The Atlantic hurricane season isn't over just yet.
Forecasters are watching yet another disturbance in the Caribbean Sea for potential tropical development later this week. The system has a medium (50 percent) chance of development, according to Monday afternoon's tropical weather outlook from the National Hurricane Center.
The disturbance, which is currently south of Hispaniola, will gradually move into the western Caribbean over the next couple of days.
It'll find an environment with relatively low wind shear, decent humidity, and plenty of warm waters to fuel ample thunderstorm development.
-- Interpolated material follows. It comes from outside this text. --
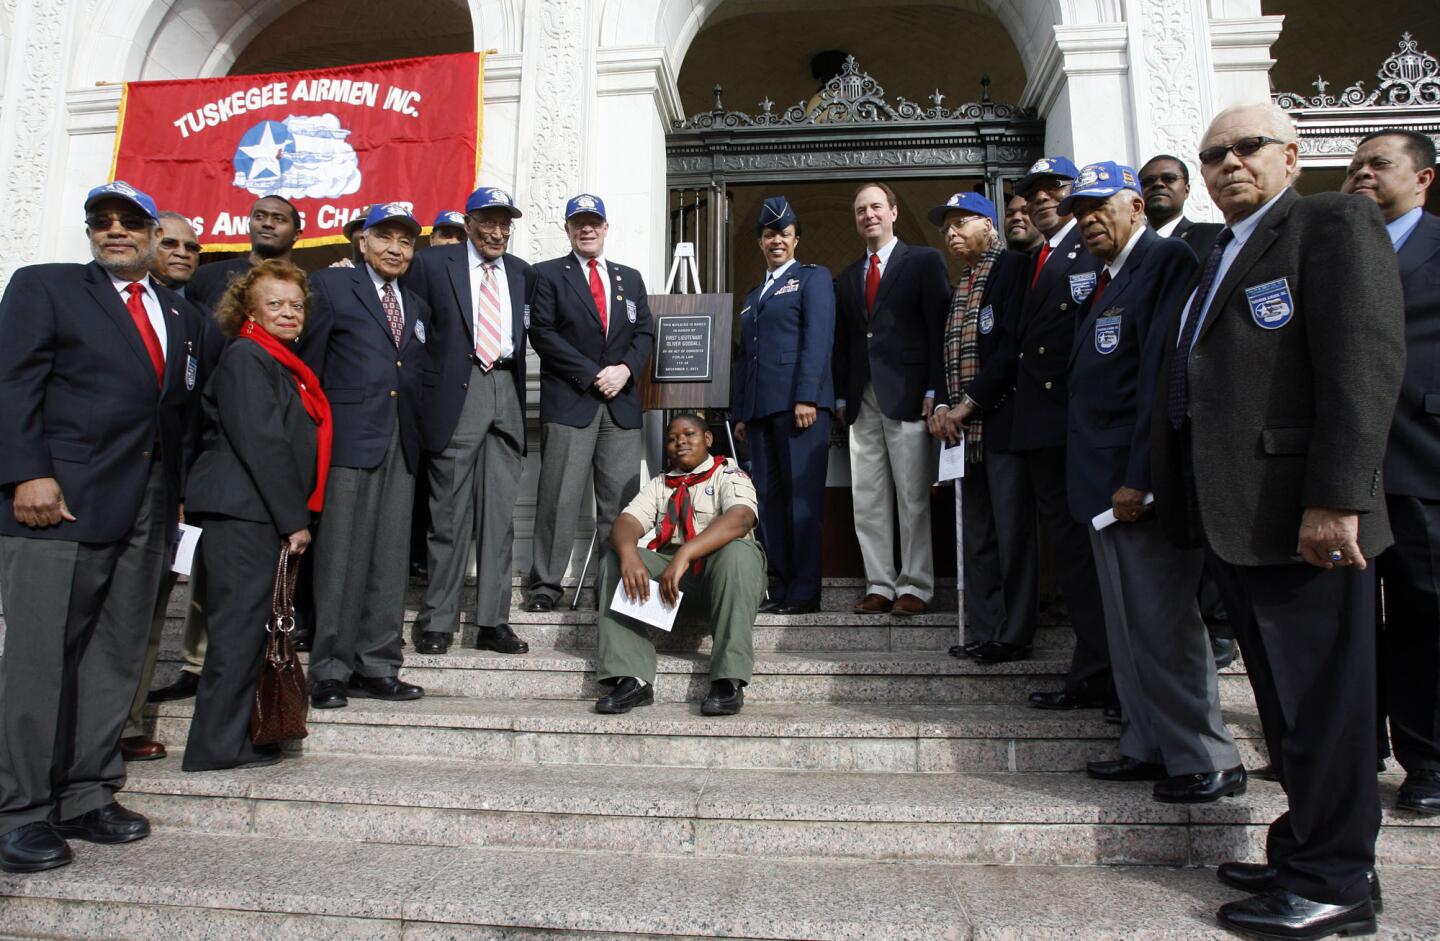 Photo Gallery: Pasadena post office dedicated in honor of Tuskegee Airmen member

We could have a tropical depression in the region by the end of the week.
If this system manages to become a tropical storm, it would earn the name Sara as the eighteenth storm of the 2024 Atlantic hurricane season.
This is right where you would expect to see tropical development this late in the year.
High wind shear and puffs of cold, dry air blowing off North America make for an increasingly hostile environment across the Atlantic basin. The favorable conditions of the Caribbean remain one final refuge for late-season storms to try pulling their act together.
Make sure your hurricane preparedness kits and plans are still ready to go in case anything threatens land over the next few weeks. As we've seen several times this year, you don't have to live near the coast for flooding, power outages, and tornadoes to affect communities hundreds of miles inland.